◆ Directions: As the answer, return precisely the lines from the one containing "Snowglobealbumcover" to the final line of the material below, inclusive, and omit every picture.

◆ Available data:
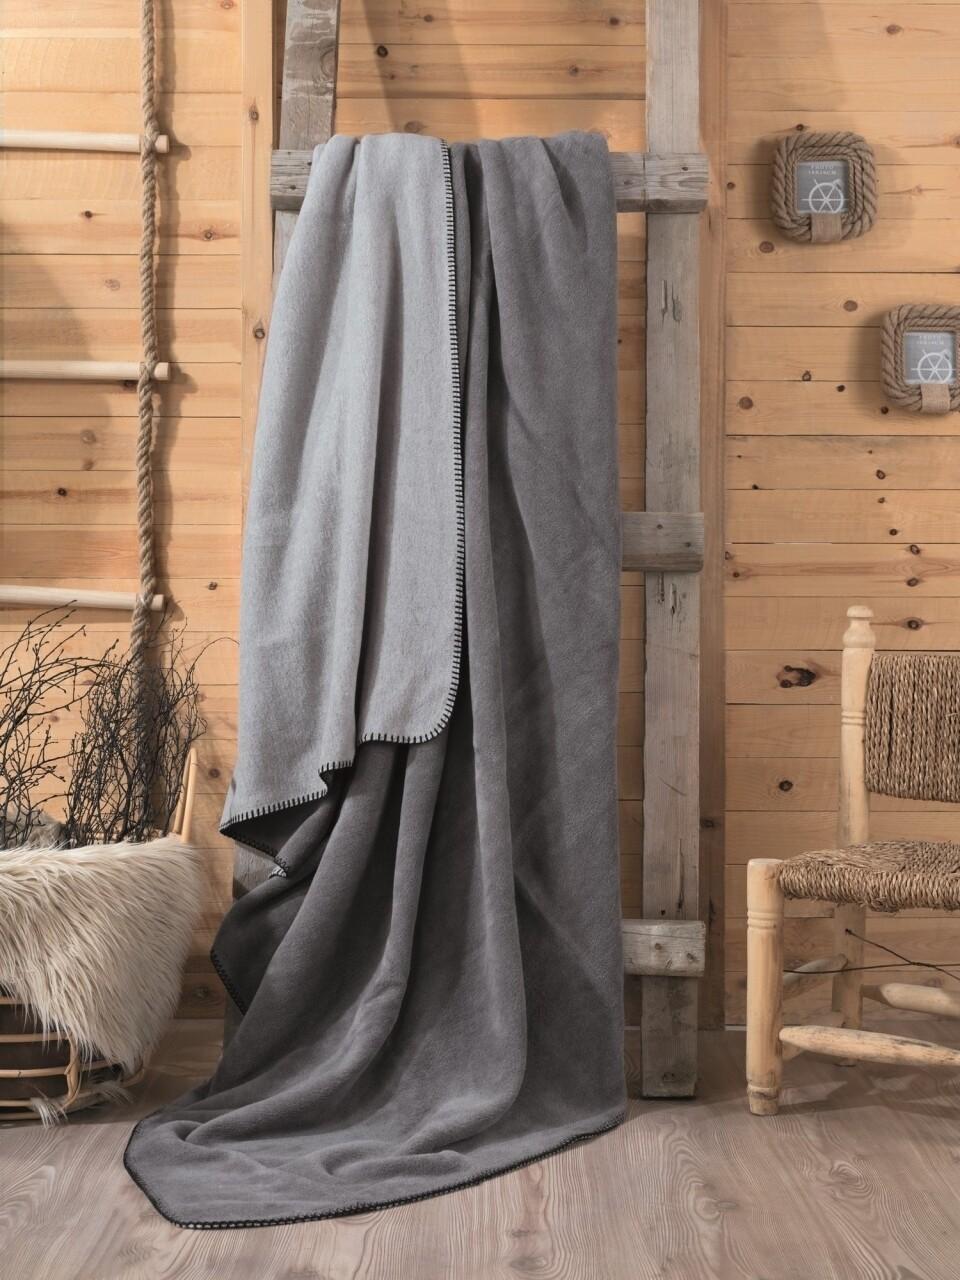 Patura pentru pat dublu din bumbac si acrylic, 200x200 cm, Cotton Box, gri
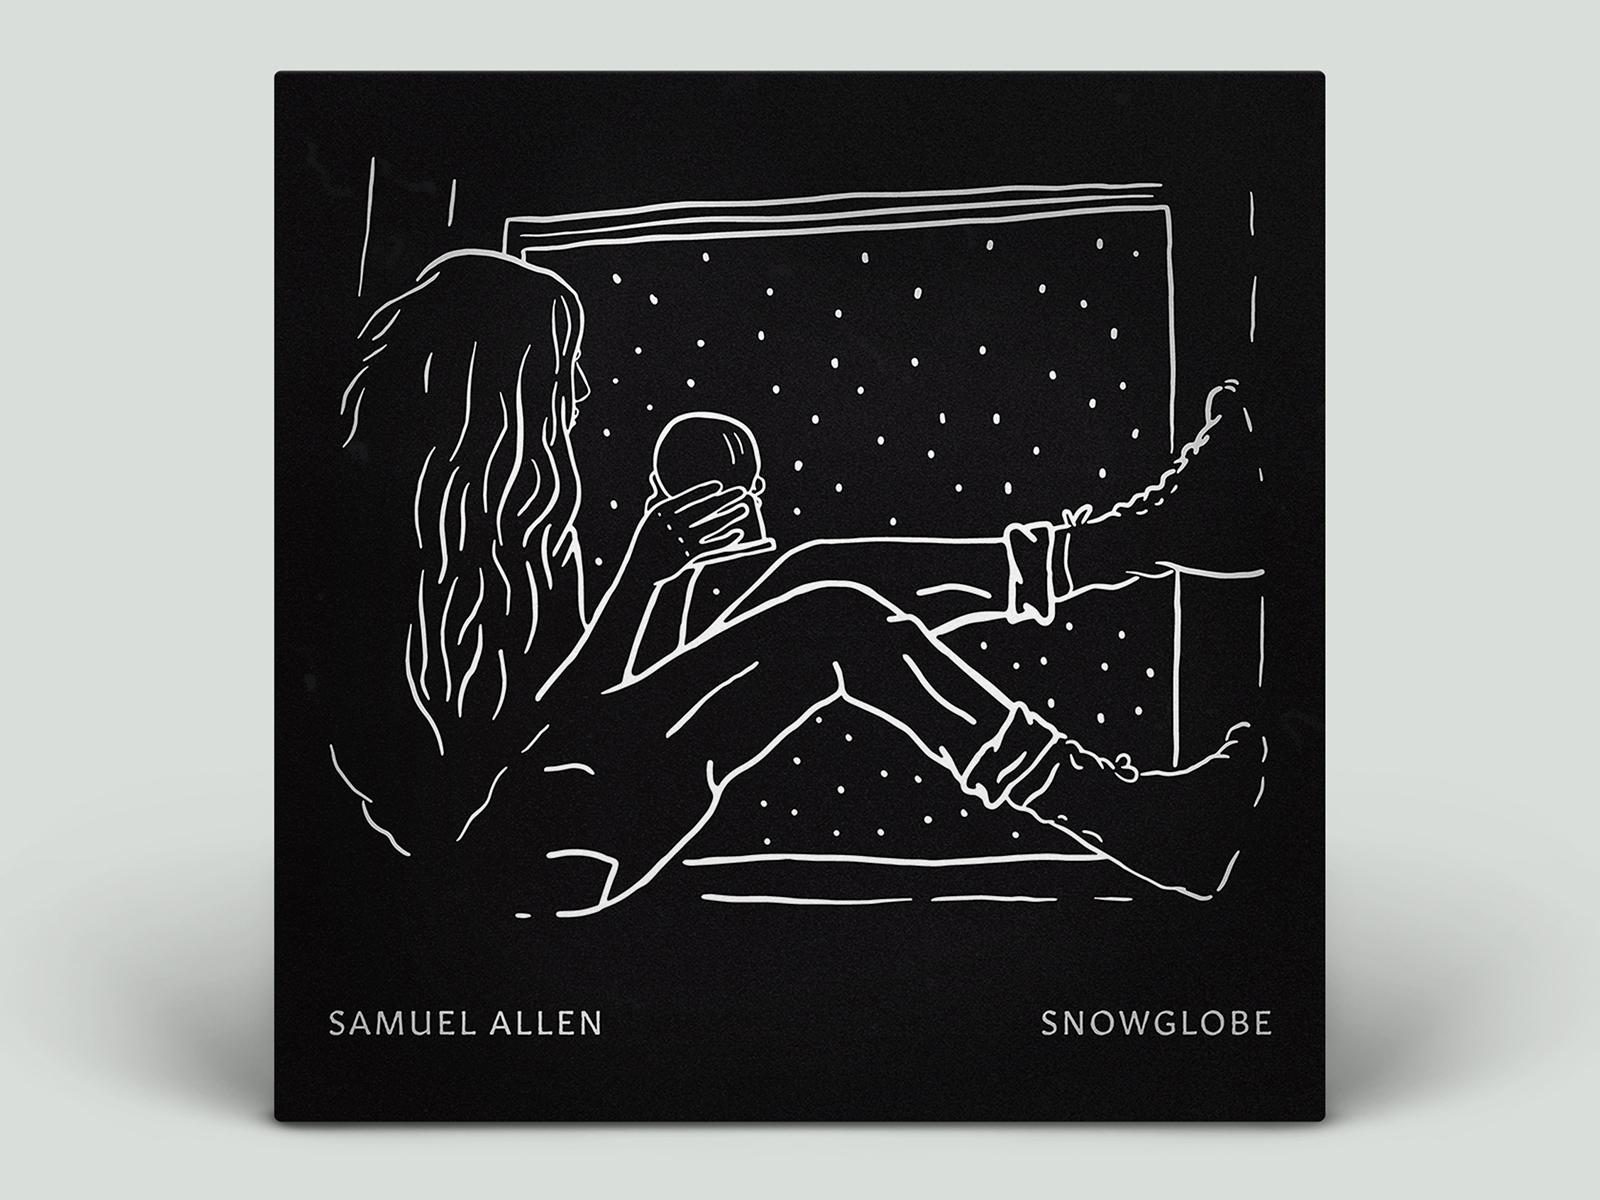 Snowglobealbumcover
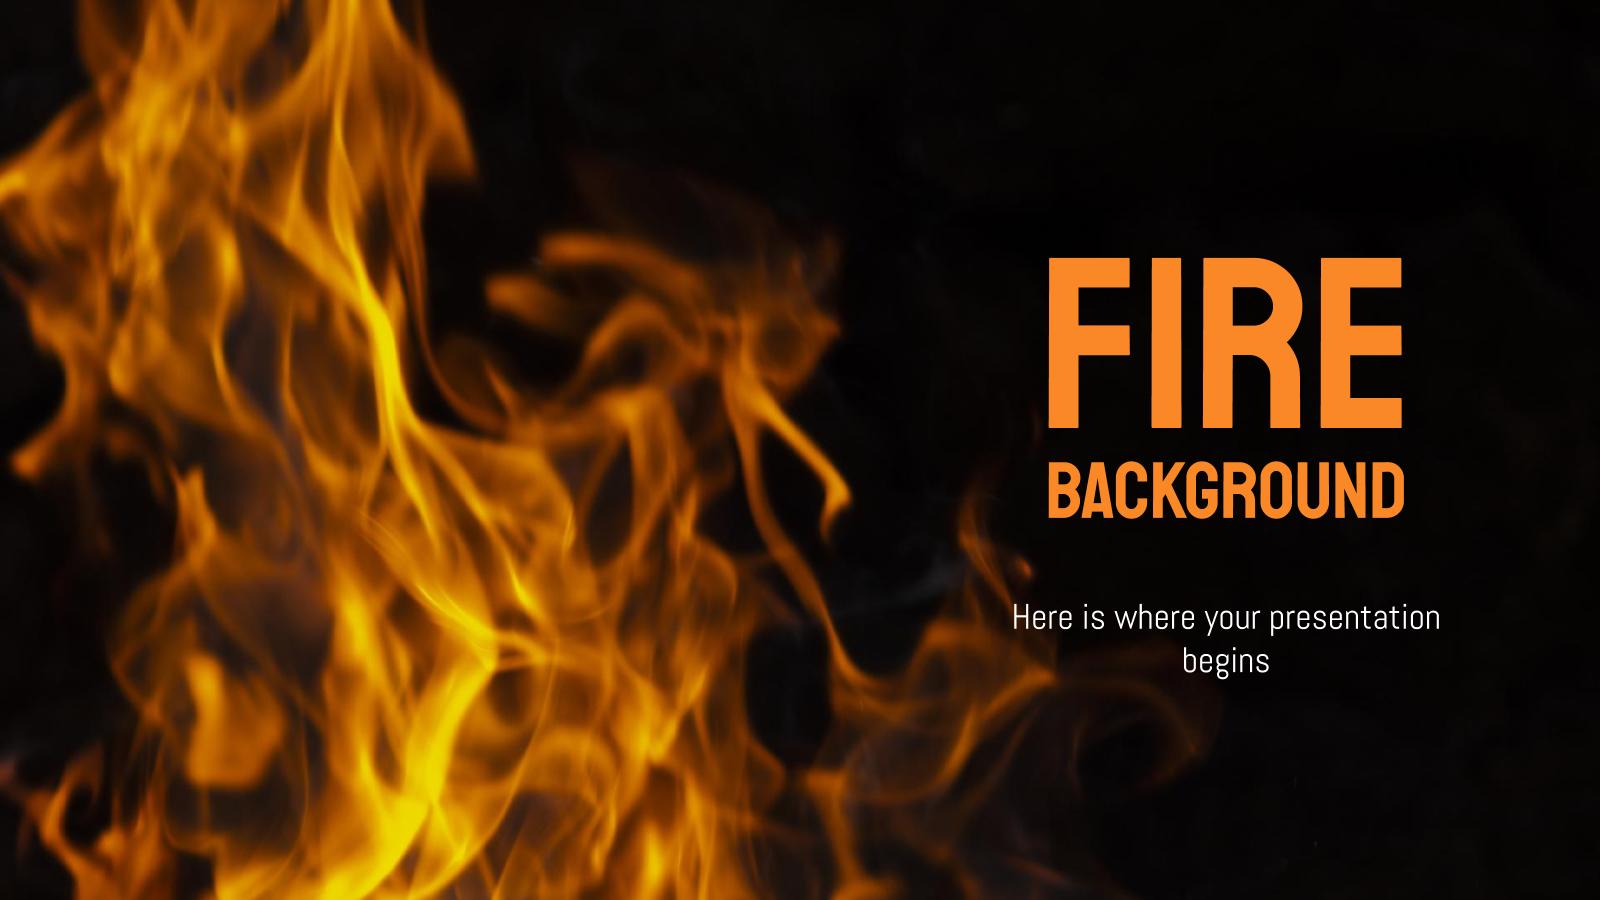 Fire Background presentation template
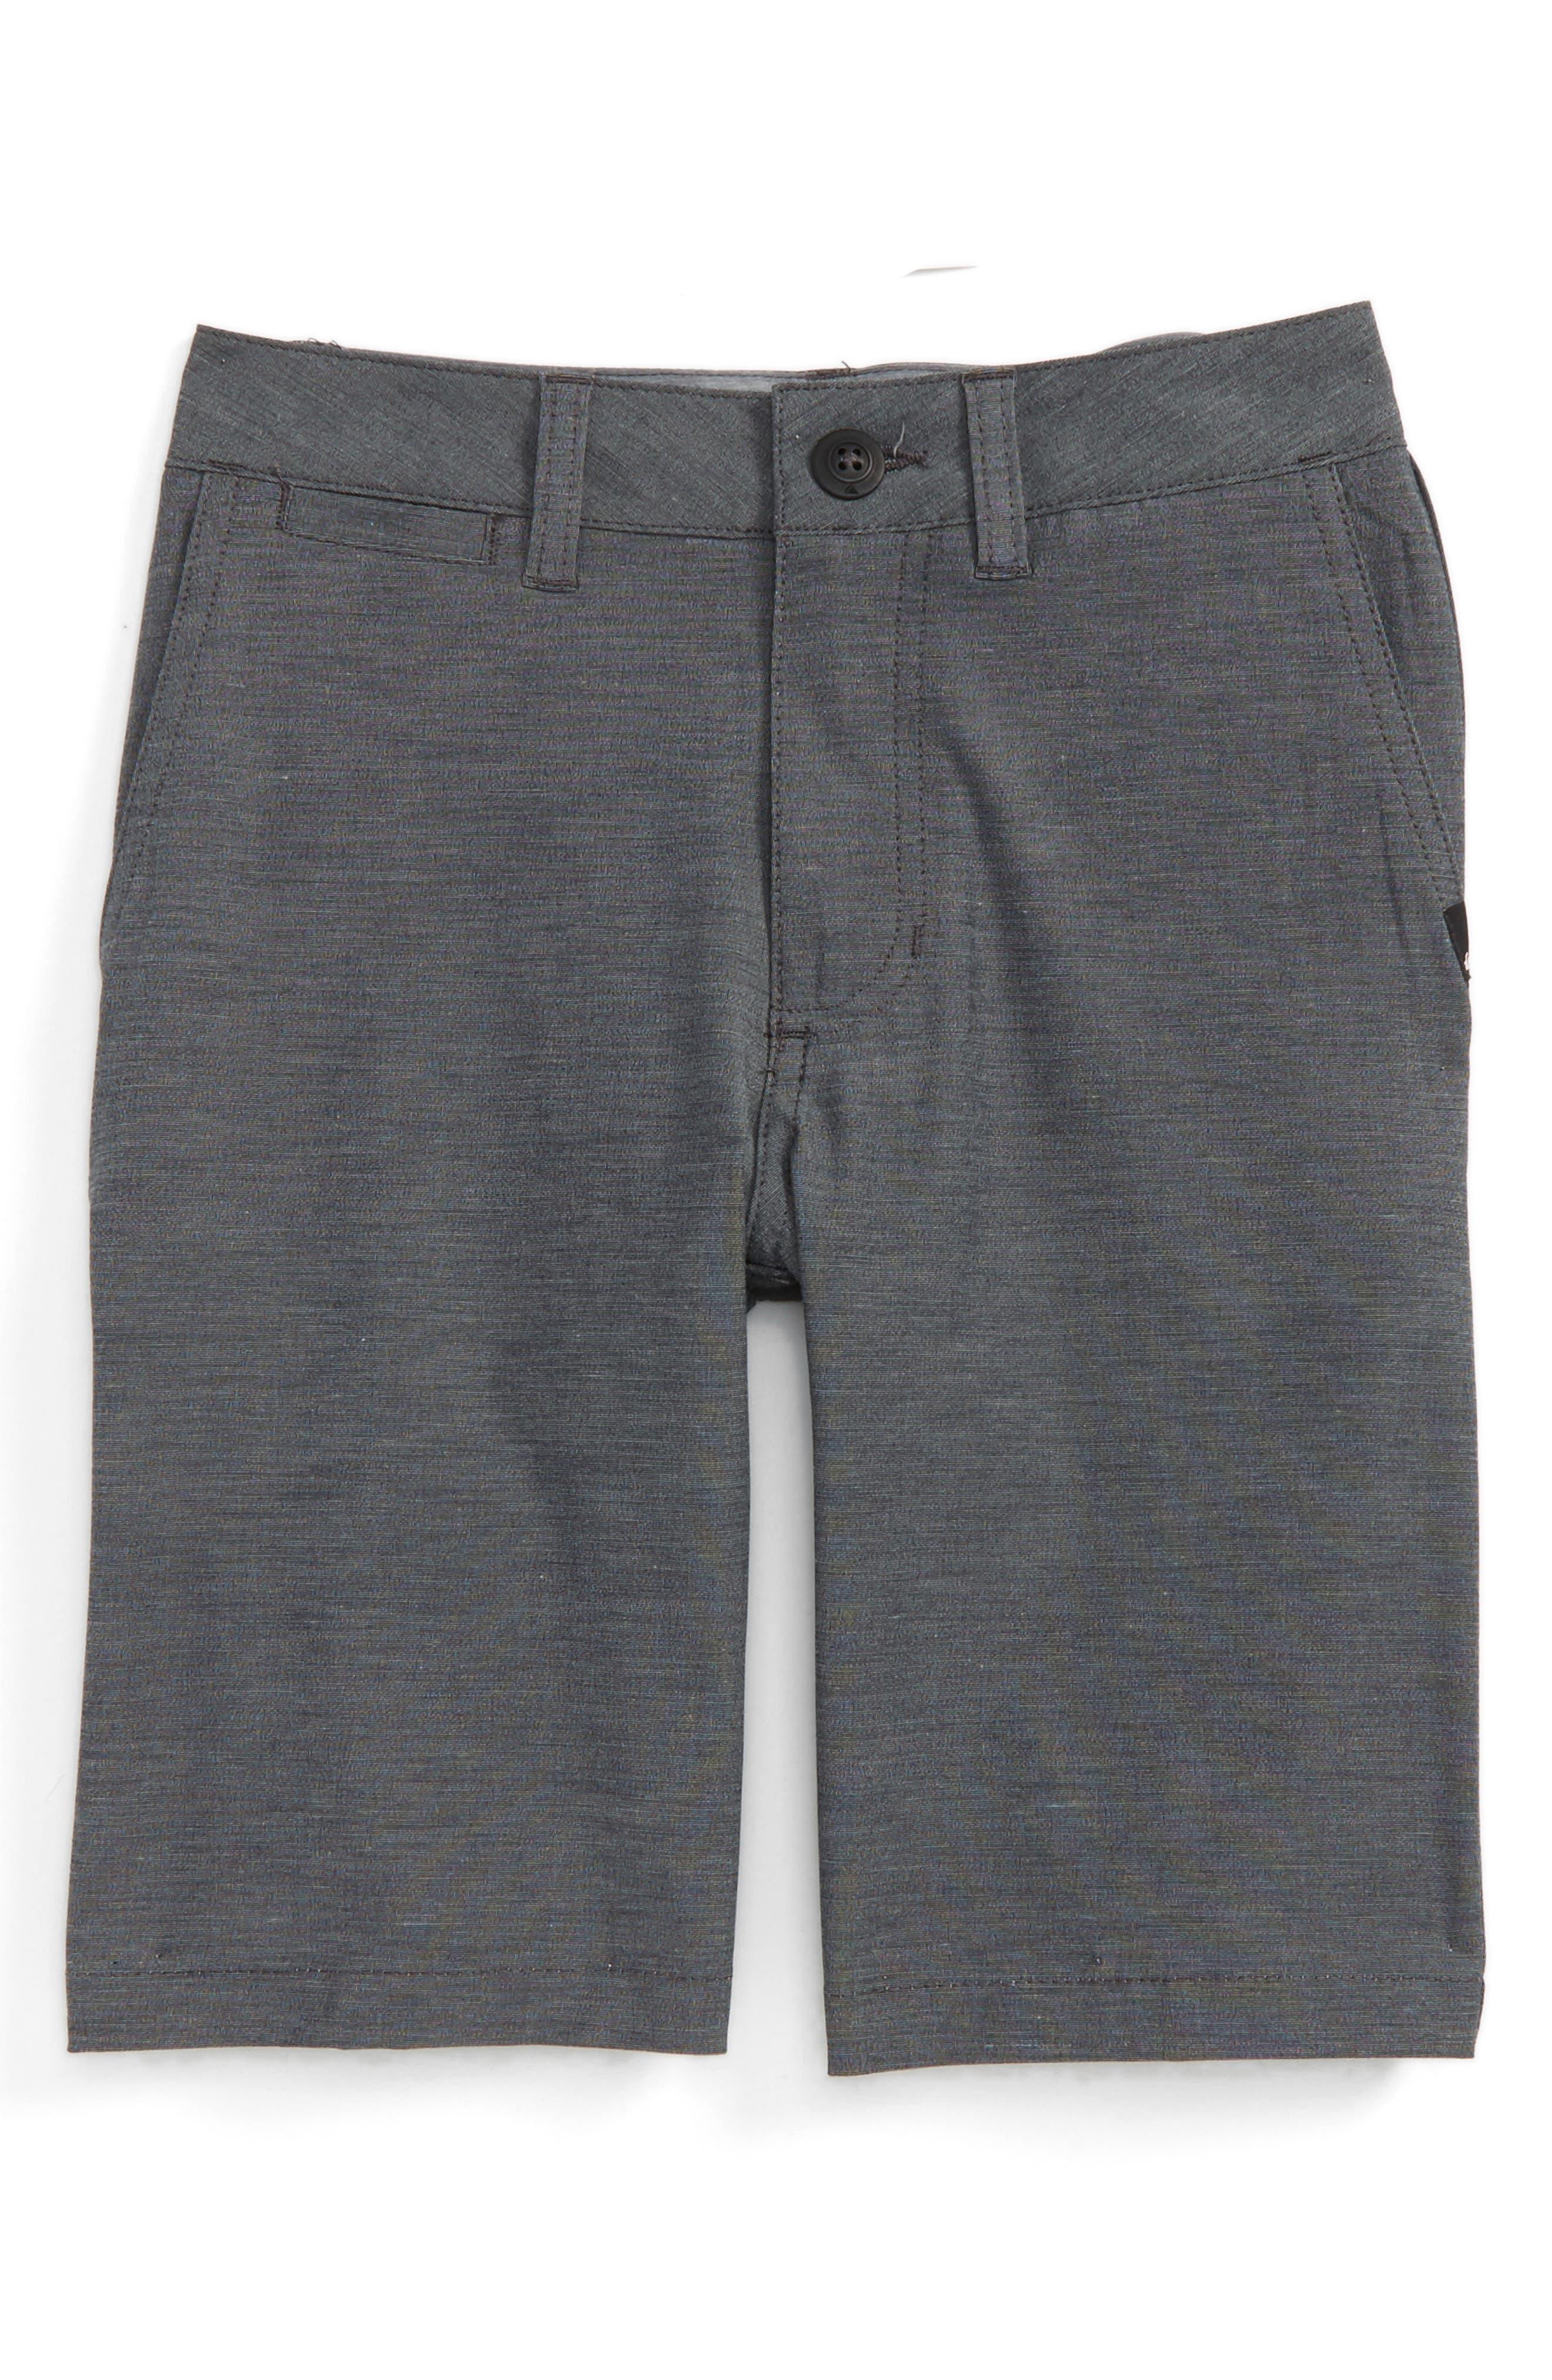 Quiksilver Amphibian Hybrid Shorts (Big Boys)

◆ Exercise response:
 Snowglobealbumcover
 Fire Background presentation template
 Quiksilver Amphibian Hybrid Shorts (Big Boys)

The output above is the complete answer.